Qantas operates world’s first flight with zero landfill waste

Qantas operates world’s first flight with zero landfill waste

Qantas has operated what it says is the first-ever commercial flight to produce no landfill waste.

Qantas operates world’s first flight with zero landfill waste

Qantas has operated what it says is the first-ever commercial flight to produce no landfill waste.

The airline says yesterday's flight from Sydney to Adelaide marks the start of its plan to cut 100 million single-use plastics by the end of 2020 and eliminate 75% of its waste by the end of 2021.

All in-flight products on board QF739, which was staffed by cabin crew from the Qantas ‘Green Team’, will be disposed of via compost, reuse or recycling.

Testing

Qantas’ Domestic CEO, Andrew David, said the trial flight was an important milestone for the national carrier’s plan to slash waste.

“In the process of carrying over 50 million people every year, Qantas and Jetstar currently produce an amount of waste equivalent to 80 fully-laden Boeing 747 jumbo jets,” Mr David said.

“We want to give customers the same level of service they currently enjoy, but without the amount of waste that comes with it.”

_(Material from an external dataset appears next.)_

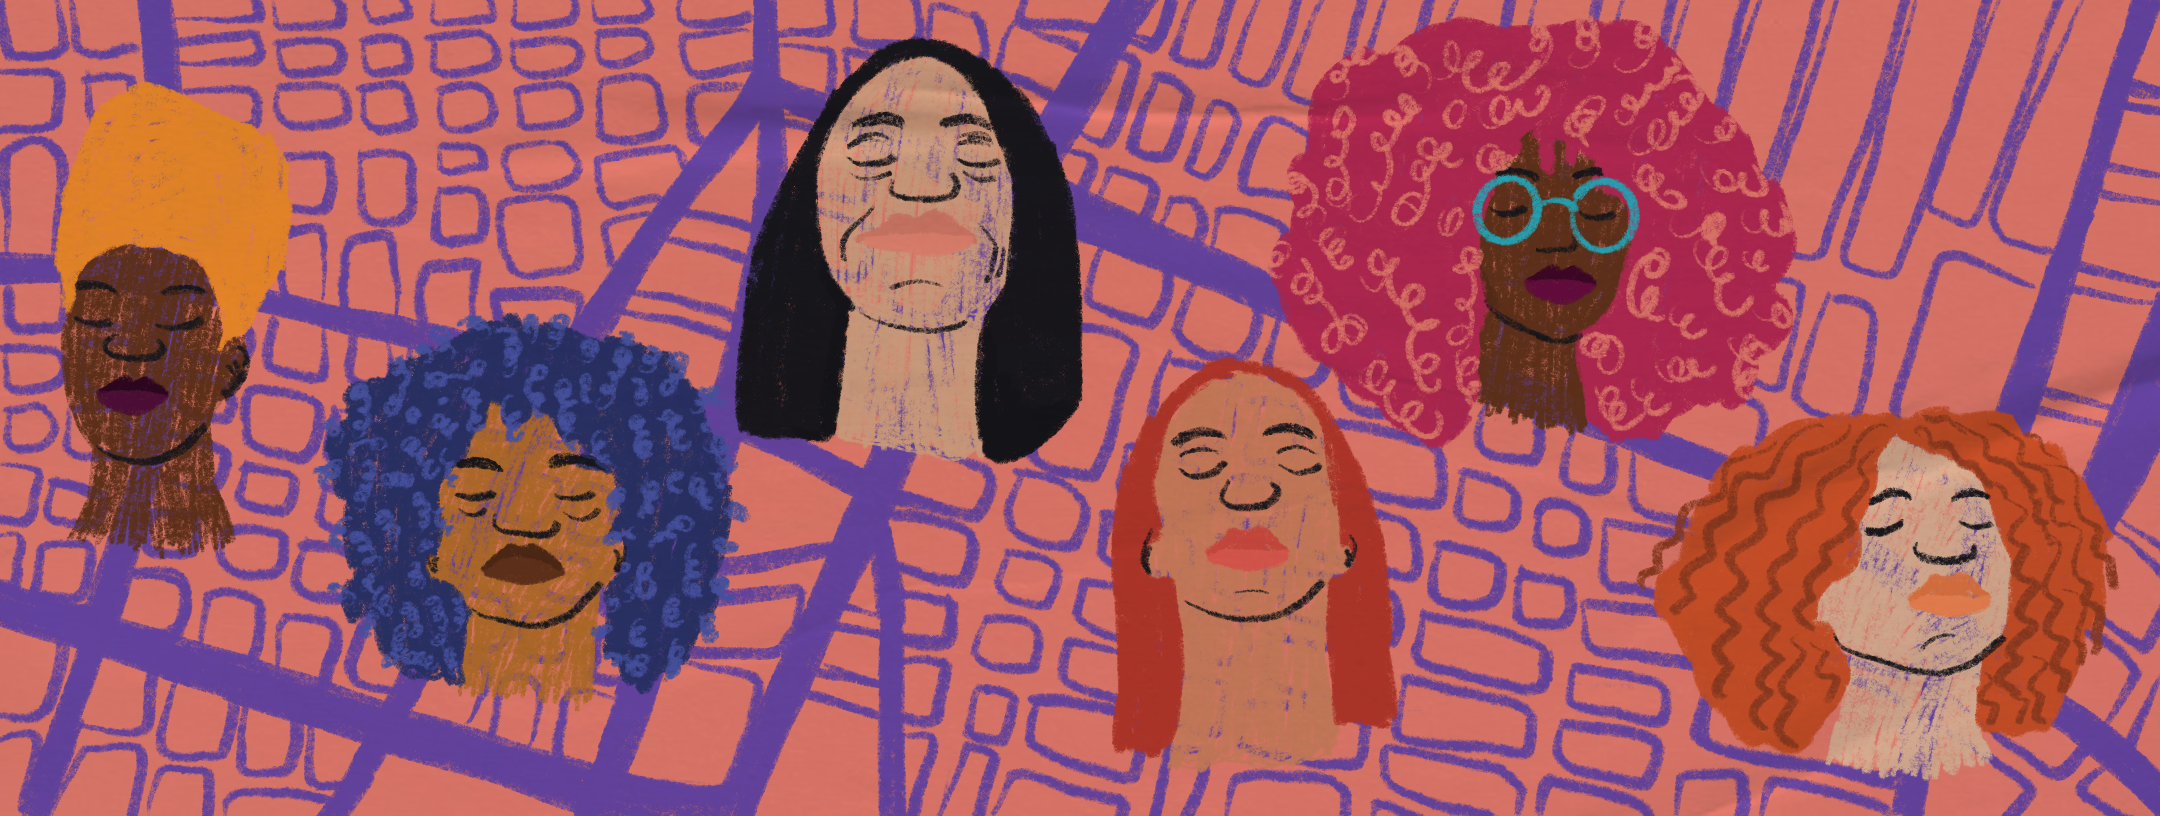 Ilustração de plano de aula do edital Igualdade de Gênero na Educação Básica. Sobrepostos a um mapa, há seis rostos de mulheres. Ilustradora: Barbara Quintino.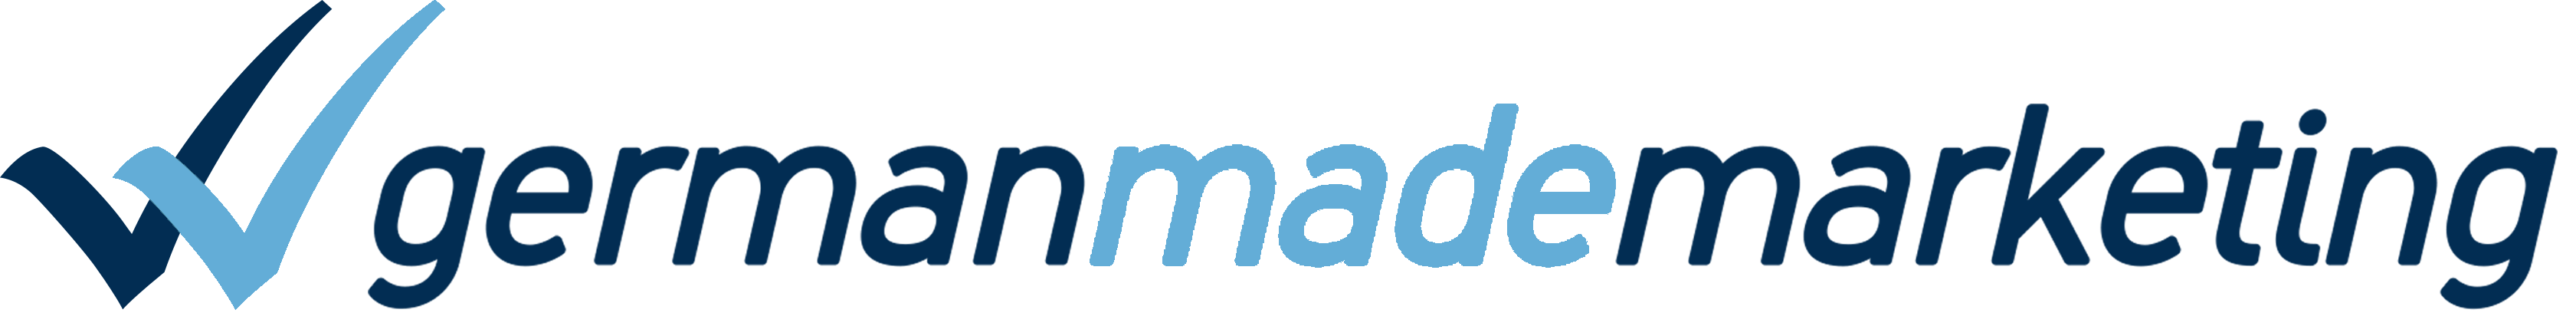 germanmademarketing logo blau

Mr David said this flight would typically produce 34 kilograms of waste – with the Sydney to Adelaide route producing 150 tonnes of waste annually.

“This flight is about testing our products, refining the waste process and getting feedback from our customers,” he said.

Alternative products

About 1,000 single-use plastic items were substituted with sustainable alternatives or removed altogether from the flight, including individually packaged servings of milk and Vegemite.

Alternative products used during the flight included meal containers made from sugar cane and cutlery made from crop starch, all of which is fully compostable.

At the end of the meal service, Qantas cabin crew collected the items left over for reuse, recycling or composting in multiple waste streams.

Customers used digital boarding passes and electronic bag tags where possible, with staff on hand to make sure any paper passes and tags were disposed of sustainably.

The Qantas lounges at Sydney Airport’s domestic terminal also went ‘green’ for the flight, with multiple waste streams in use.

In its effort to remove 100 million single-use plastic items every year by the end of 2020, Qantas and Jetstar will replace 45 million plastic cups, 30 million cutlery sets, 21 million coffee cups and 4 million headrest covers with sustainable alternatives.

Airlines are legally required to dispose of some materials permanently, such as quarantined food from international flights. Qantas says it will work with suppliers and government to reduce the volume of this waste.

Inspired by the Bowerbird

Qantas’ waste reduction initiative has been called The Bowerbird Project, named after the Australian bird that reuses small plastic items. The name was nominated by a cabin crew member in a staff competition.

The zero-waste flight will be 100% carbon offset. Qantas claims to operate the largest carbon offsetting scheme in the aviation industry, with a passenger offsetting their flight every minute.

Last year, Qantas operated the first biofuel flight between Australia and the United States using biofuel processed from mustard seed, and in 2012 Qantas and Jetstar operated Australia’s first biofuel trial flights.